July 4, 2025 – Independence Day

Image of Cruesbreck House With All 50 State Flags Flying

Independence Day is my favorite holiday of the year. Usually, it’s a time where our nation comes together and celebrates the breakaway from a tyrannical power and the founding of our nation. Like many people across the nation, I have highly mixed feelings about the holiday this year. Our government is acting, in many ways, like the tyrannical power we chose to separate from 249 years ago.

The founders of the nation listed 27 specific grievances in our Declaration of Independence, including some which ring pretty close to home today. The second paragraph of the document begins with the sentence, “We hold these truths to be self-evident, that all men are created equal, that they are endowed by their Creator with certain unalienable Rights, that among these are Life, Liberty and the pursuit of Happiness.”

Eleven years later, the states came together to write a constitution for our your nation. The preamble to that document reads, “We the People of the United States, in Order to form a more perfect Union, establish Justice, insure domestic Tranquility, provide for the common defence, promote the general Welfare, and secure the Blessings of Liberty to ourselves and our Posterity, do ordain and establish this Constitution for the United States of America.”

110 years after the founding of our nation, the Statue of Liberty was erected in New York City. Poet Emma Lazarus was commissioned to write a poem to help fundraise for the statue. At the time she was involved in work to aid refugees who were fleeing anti semitic persecution in eastern Europe and saw the horrific conditions they were forced to live in. Her poem, called The New Colossus, contained the phrase, “Give me your tired, your poor, Your huddled masses yearning to breathe free, The wretched refuse of your teeming shore.
Send these, the homeless, tempest-tost to me, I lift my lamp beside the golden door!”
which has become synonymous with the United States and the Statue of Liberty in particular, over the ensuing century.
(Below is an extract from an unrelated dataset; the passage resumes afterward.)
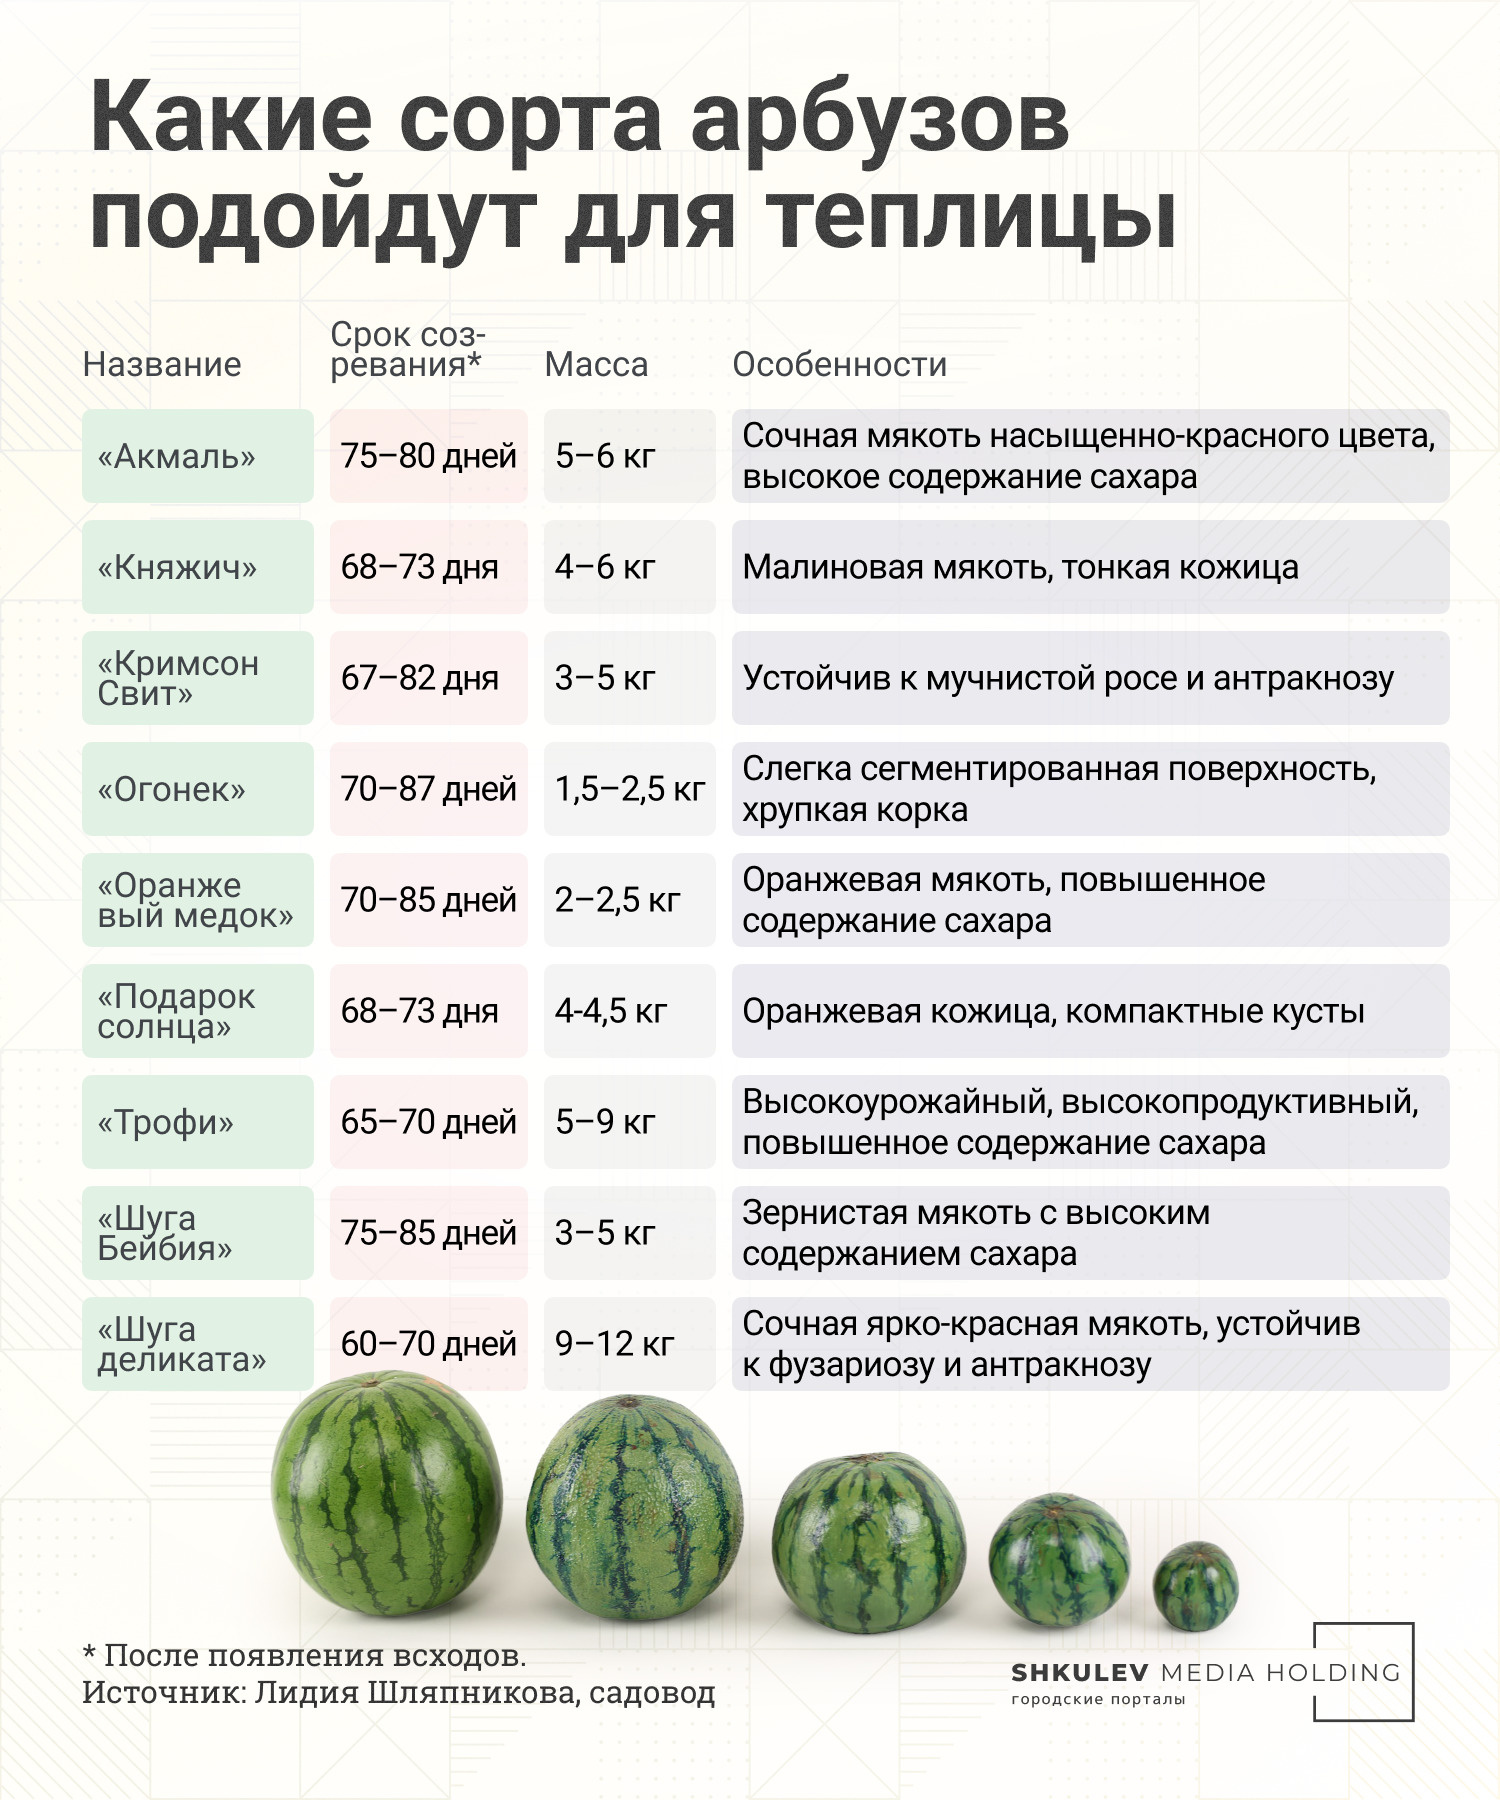 Вкусные дыни и арбузы своими руками: как вырастить бахчу в огороде - 16июня 2022 - НГС

These three statements of the core of our nation’s values are still true today. All people are endowed with the rights stated in the Declaration of Independence, many Americans are striving to create the more perfect union described in the preamble to the Constitution, and many Americans want to welcome the oppressed, hungry, and downtrodden to our shores. There is also a large contingent in the country who is actively seeking to destroy these values.

Today, I fly the flags of all fifty states at my home. I do so because our nation is a union of many people. The flags of the fifty states represent the culture and individuality of their community. Some have roots in heraldry, some have native themes going back thousands of years. Some are simple designs and some are vastly complicated. Vexillologically speaking, some are designed well, and some are not. Some have designs which go back centuries and some are less than a decade old.

These flags are a picture of our nation, imperfect and striving to form that more perfect union mentioned in the preamble. Look at the reverse of the Seal of the United States on the left side of the one dollar bill. Notice that the pyramid is unfinished. There is still work to do and only we can do it!

Image of Cruesbreck House With All 50 State Flags Flying
Cruesbreck House With All 50 State Flags Flying

The current flag of the United States and the first flag of the United States (Betsy Ross) are flying on the flag poles. The US flag was flown over the United States Capitol on May 14, 2000. The Betsy Ross flag belonged to John Alvis, the father of my flagpoles.